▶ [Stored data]
* * *

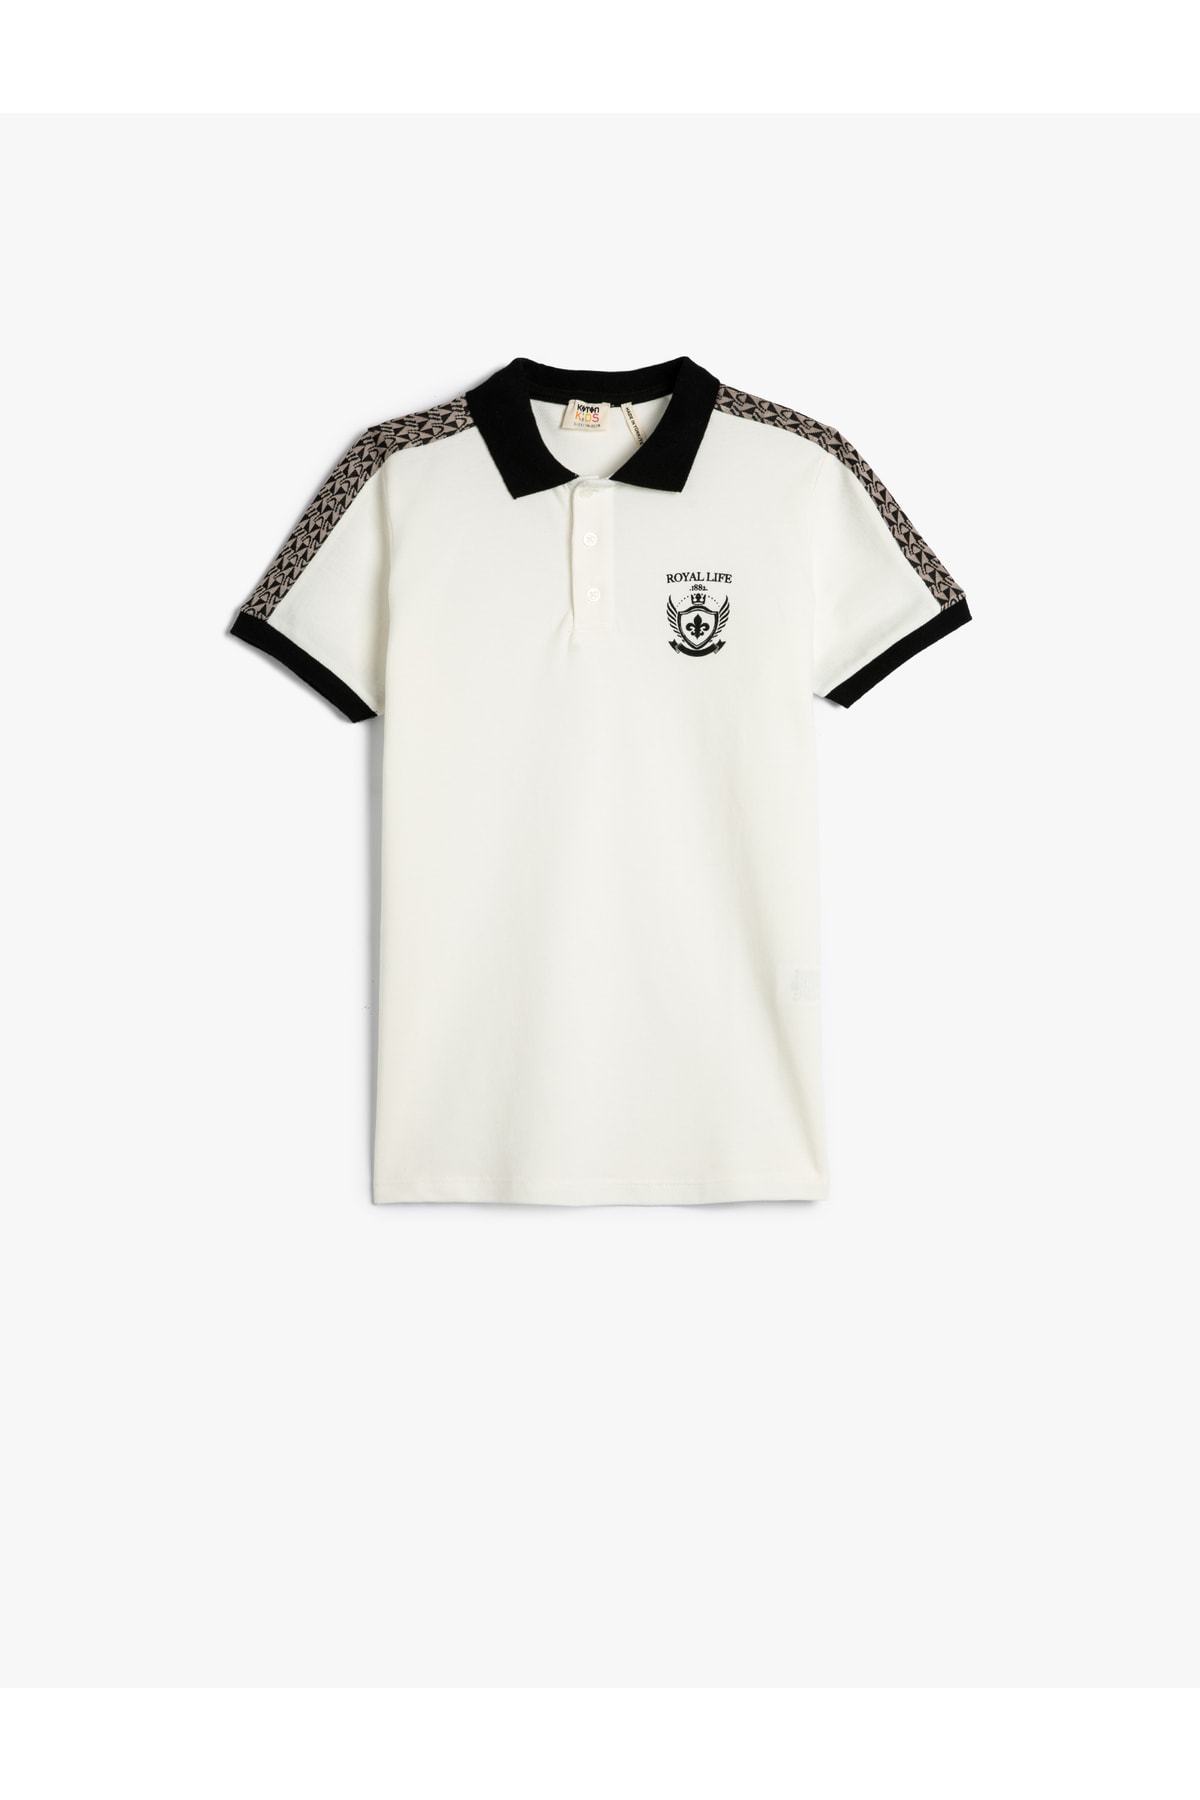 Levně Koton Short Sleeve Polo T-Shirt with Buttons and Stripe Detail.
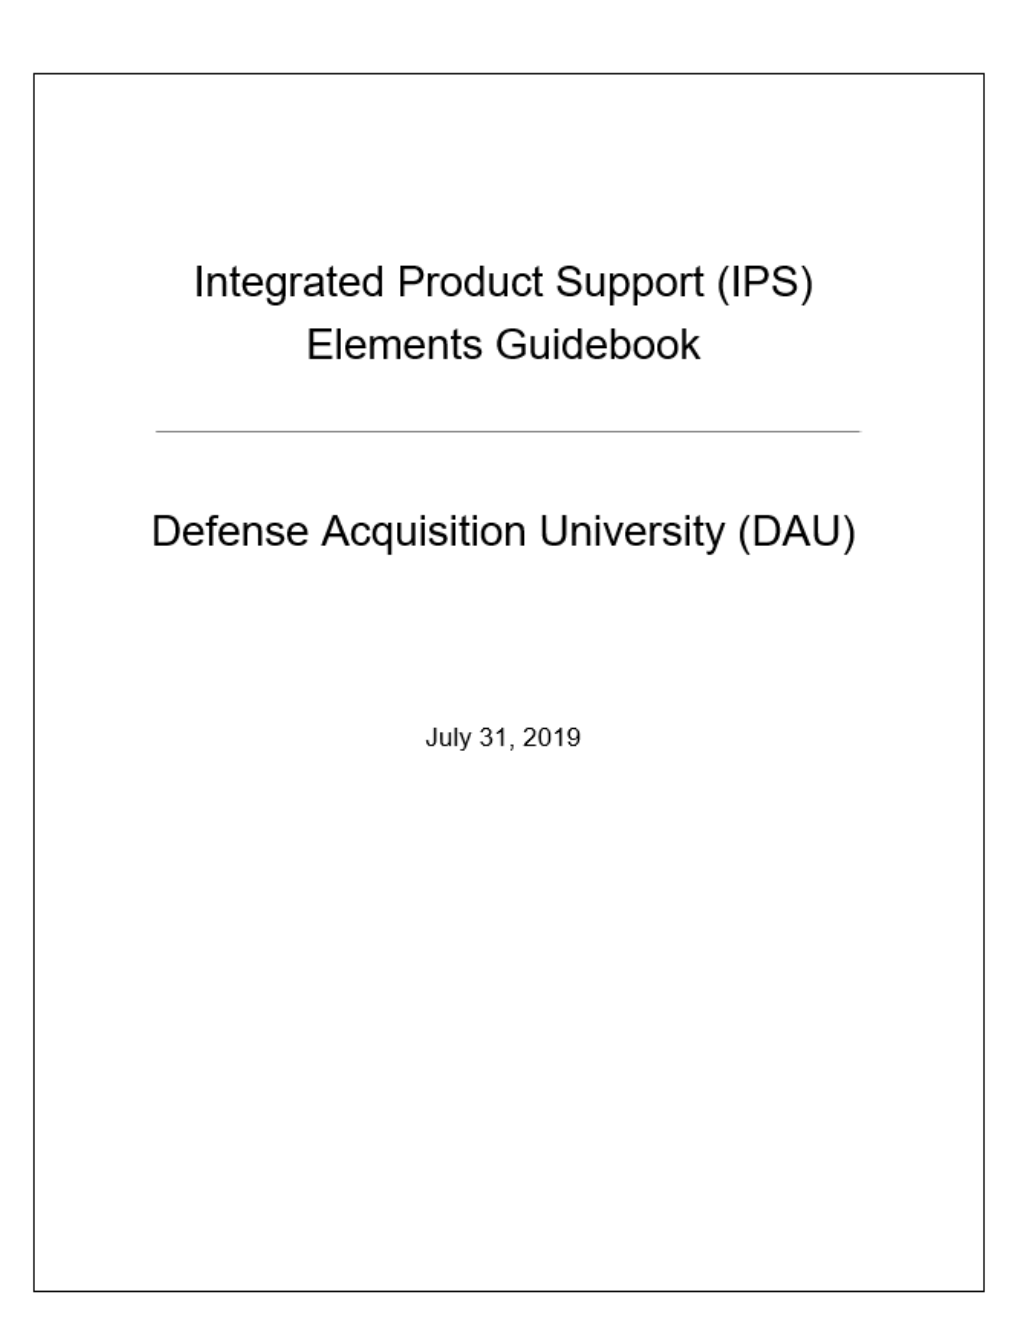 Integrated Product Support (IPS) Elements Guidebook Has Now Also Been Extensively Updated to Reflect Current Policy and Guidance
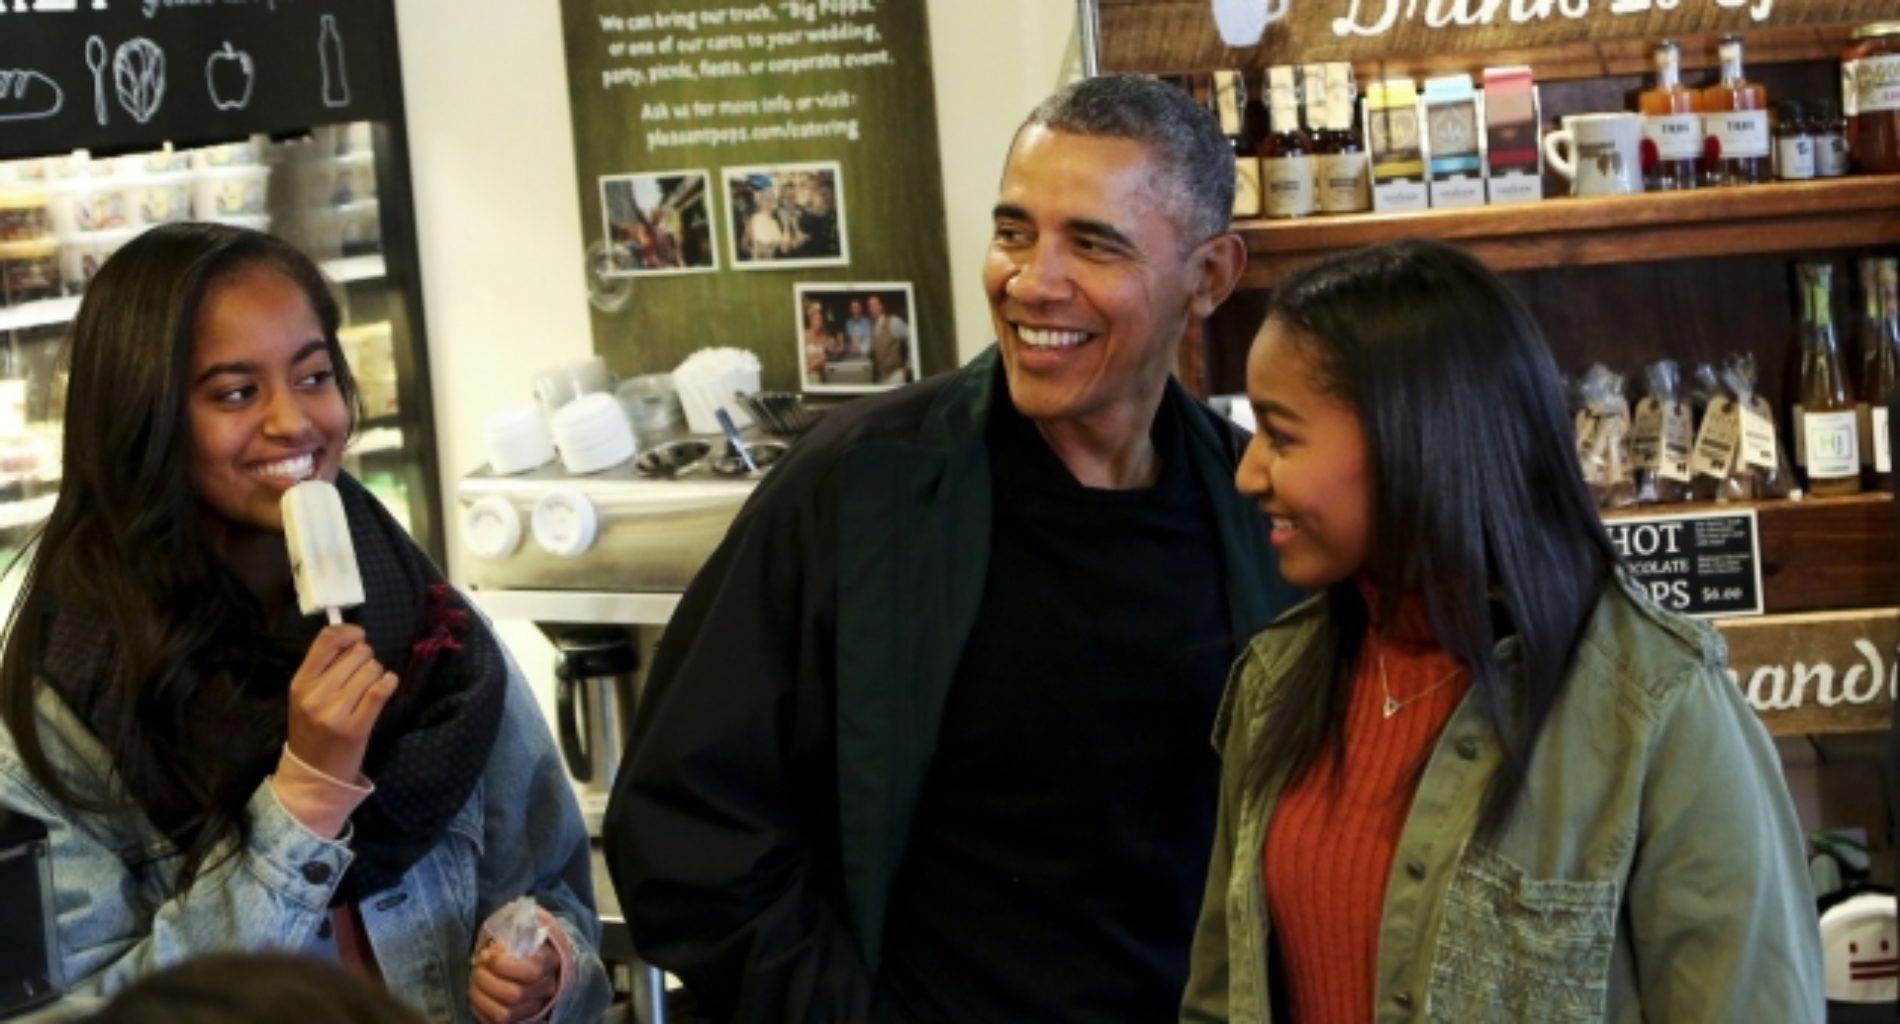 Obama says watching his daughters grow up in LGBT-inclusive generation gives him hope
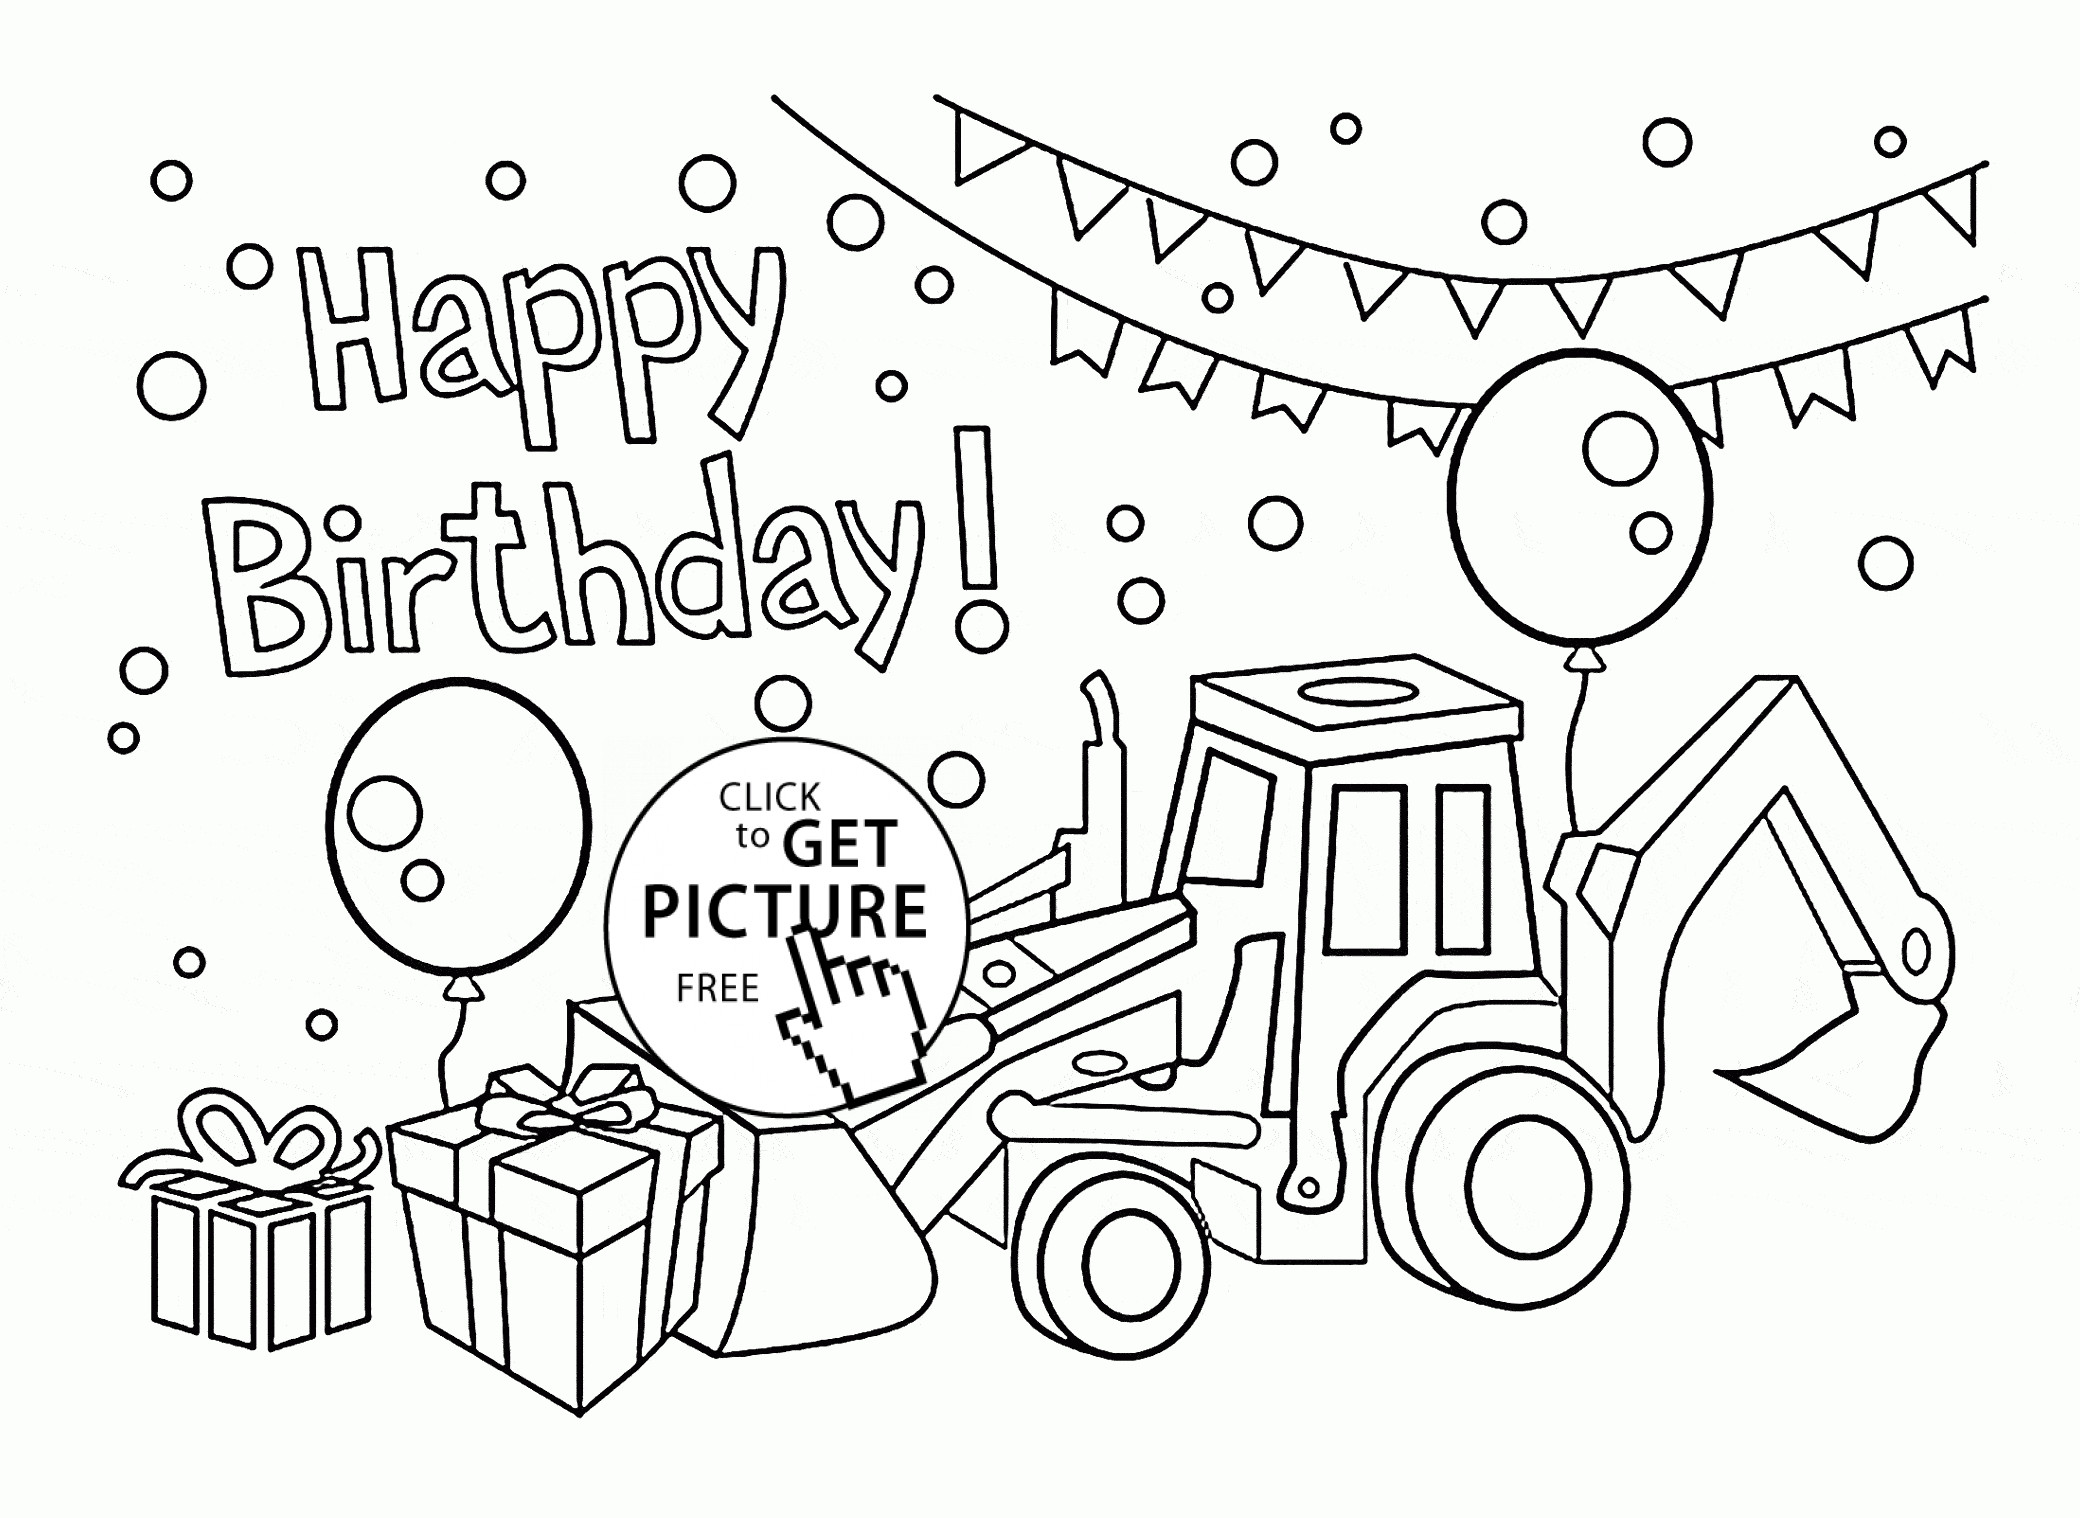 Happy Birthday Coloring Pages For Boys
 Happy Birthday Card for Boys coloring page for kids

* * *

▶ [What you have to do] The copy should hold exactly the lines above from the one with "Integrated Product Support" through the one with "Happy Birthday Coloring Pages For Boys", both ends counted, and no pictures at all.

▶ [Result of the exercise]
 Integrated Product Support (IPS) Elements Guidebook Has Now Also Been Extensively Updated to Reflect Current Policy and Guidance
 Obama says watching his daughters grow up in LGBT-inclusive generation gives him hope
 Happy Birthday Coloring Pages For Boys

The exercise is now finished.